SAVANNAH, GA. — Any patient who presents with the neurologic symptoms of acute-onset weakness or paralysis during mosquito season should be evaluated for West Nile virus infection, regardless of whether there was a viral prodrome.
Only about 1% of West Nile patients develop symptoms, but about 21% of that group develop a neurologic complication. Recovery is highly variable and almost impossible to predict, two researchers said at the annual meeting of the American Association of Electrodiagnostic Medicine.
An early and virulent season for West Nile virus infection has been predicted for California and the southwestern United States by the Centers for Disease Control and Prevention's division of vector-borne infectious diseases. The culprit: a wetter-than-normal winter.
The International Society for Infectious Diseases has predicted a tough year for Oregon in terms of West Nile virus infection. The state saw 88 deaths from West Nile in 2004, according to CDC data. State public health officials are meeting to develop control strategies (www.promedmail.org/pls/pm/pm?an=20050305.0670
“These paralytic illnesses are seen a lot in patients who are elderly, immunocompromised, or otherwise sick, but every once in a while you'll see them in a young, healthy patient,” said Bjorn Oskarsson, M.D.
“Severity of illness at onset isn't a good predictor of recovery,” noted Dr. Oskarsson, a neurologic fellow at the University of Colorado, Denver.
Weakness or paralysis associated with West Nile infection apparently occurs when the virus destroys motor neurons in the anterior horn of the spinal cord. Magnetic resonance imaging is generally unhelpful in symptomatic infection, but patients with paralytic illness often show abnormal signal intensity in the anterior horn, he said in a poster presentation.
Jun Li, M.D., said needle electromyography shows severe denervation in the muscles of weak limbs and their corresponding paraspinal muscles. The findings confirm the localization of the lesion to the anterior horn motor neurons or their ventral nerve roots.
“The cardinal clinical feature of these patients is acute asymmetric flaccid paralysis that reaches a plateau within hours in most patients,” said Dr. Li of the department of neurology at Wayne State University, Detroit. The paralysis is slightly more frequent in the lower extremities than in the upper, and there little or no sensory disturbance.
Many patients report a flu-like illness preceding onset of weakness by days or weeks, but this is not a certainty. Paralysis can occur in previously healthy individuals as well as those who are immunocompromised or those with chronic health problems.
West Nile virus has become endemic in most states, so the presence of IgM antibodies in serum is no longer an acceptable way of confirming the diagnosis, Dr. Li noted. Instead, the antibodies must be detected in cerebrospinal fluid by enzyme-linked immunosorbent assay.
Patients with a paralytic complication may also show increased serum creatine kinase, ranging from several hundred up to 20,000 mg/dL. “This elevated CK may have originated from necrotized muscle fibers,” Dr. Li said.
There is no current treatment for the condition, he noted. Intravenous immunoglobulin has been found ineffective.
Both Dr. Li and Dr. Oskarsson presented case studies illustrating the unpredictable nature of this illness.

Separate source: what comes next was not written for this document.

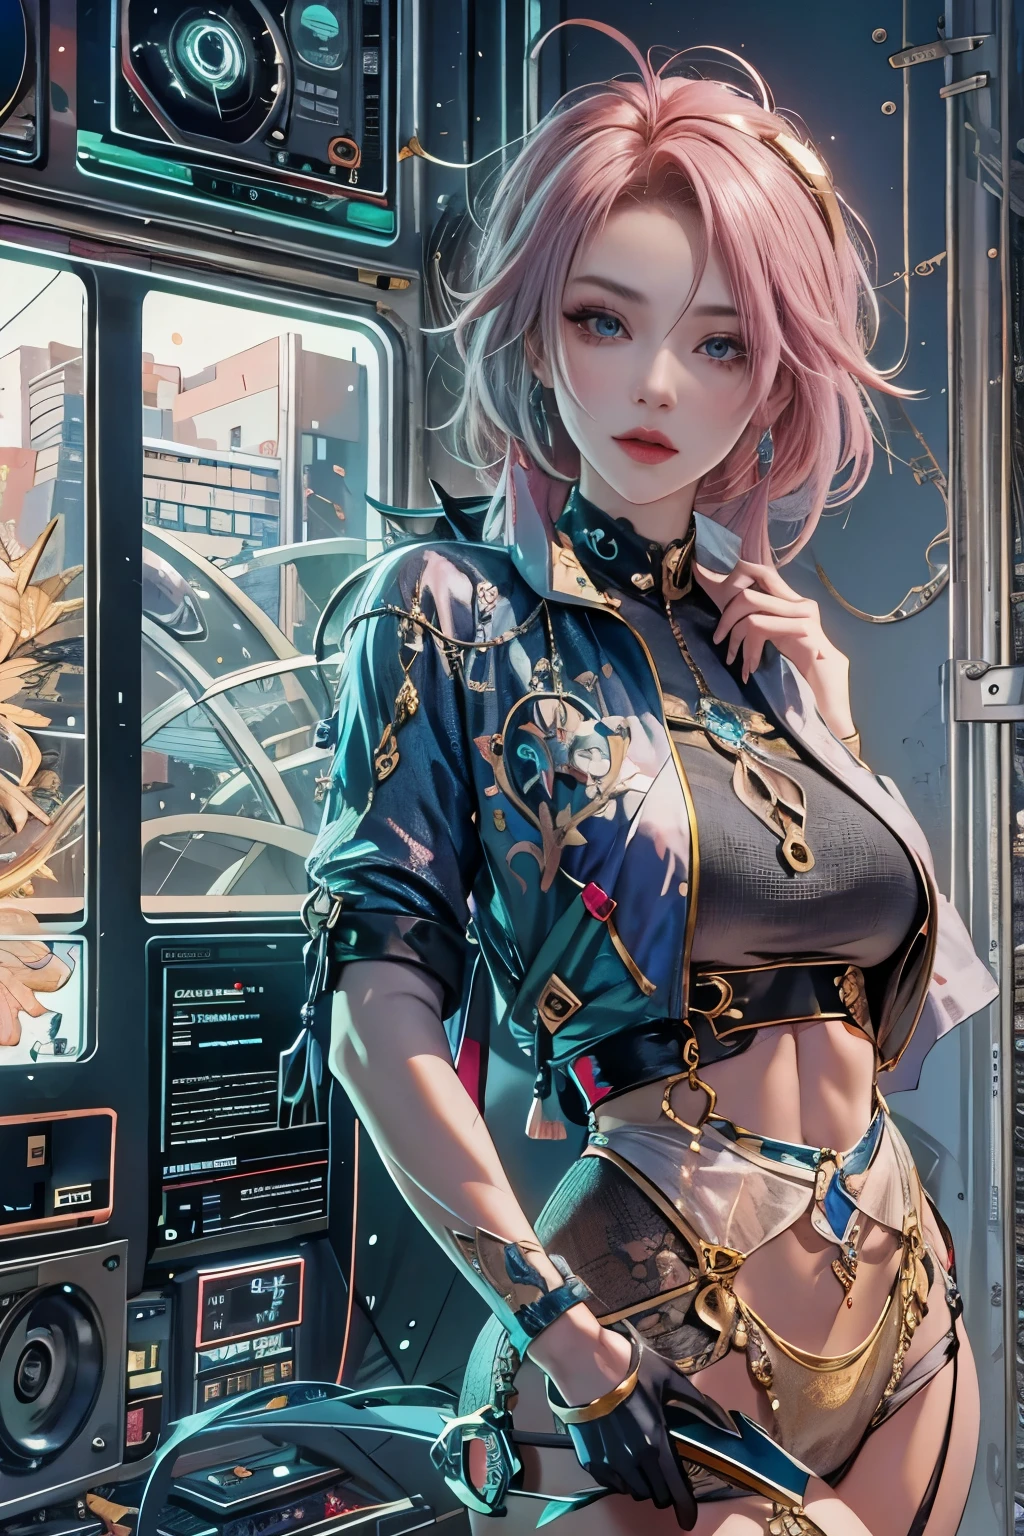 여성, 현실적인 캐릭터, 녹색 머리와 분홍색 머리, 파란 눈, 일본 만화 영화, 홀로, 현대의, 사이버 펑크, 크기가 큰, 단단한, 흔들리는 흉상, 역동적인 섹시 포즈

Dr. Li presented two cases. A previously healthy 36-year-old woman developed a mild flu-like illness followed by low back pain. She then awoke to find her left leg paralyzed. She was unresponsive to a short course of intravenous immunoglobulin.
The second case was a previously healthy 44-year-old man who first noticed a tingling sensation in his back followed by a flu-like illness. Four days later, his legs suddenly became paralyzed. Ten days later, his right arm was paralyzed and within another 24 hours, the left arm was also paralyzed. He also developed bilateral facial muscle weakness.
These two patients illustrate the unpredictable outcomes of this illness, Dr. Li noted. The man had more systemic symptoms and severe four-limb paralysis. His condition appeared much worse than that of the woman. Yet his strength recovered completely, while the woman's leg paralysis improved only minimally after 20 months.
Dr. Oskarsson presented five cases; three involved immunocompromise.
One patient died. She was a 46-year-old woman with a history of bone marrow transplant for large cell lymphoma. She presented with generalized weakness after a flu-like illness. She rapidly became comatose. Her brain MRI showed severe panencephalitic changes with multifocal necrosis in the cerebral deep gray nuclei, brainstem, and spinal cord.
The other patients survived, but only one regained baseline strength: a 48-year old woman with a prior kidney transplant. A month after developing gastroenteritis she became confused and developed proximal bilateral arm weakness.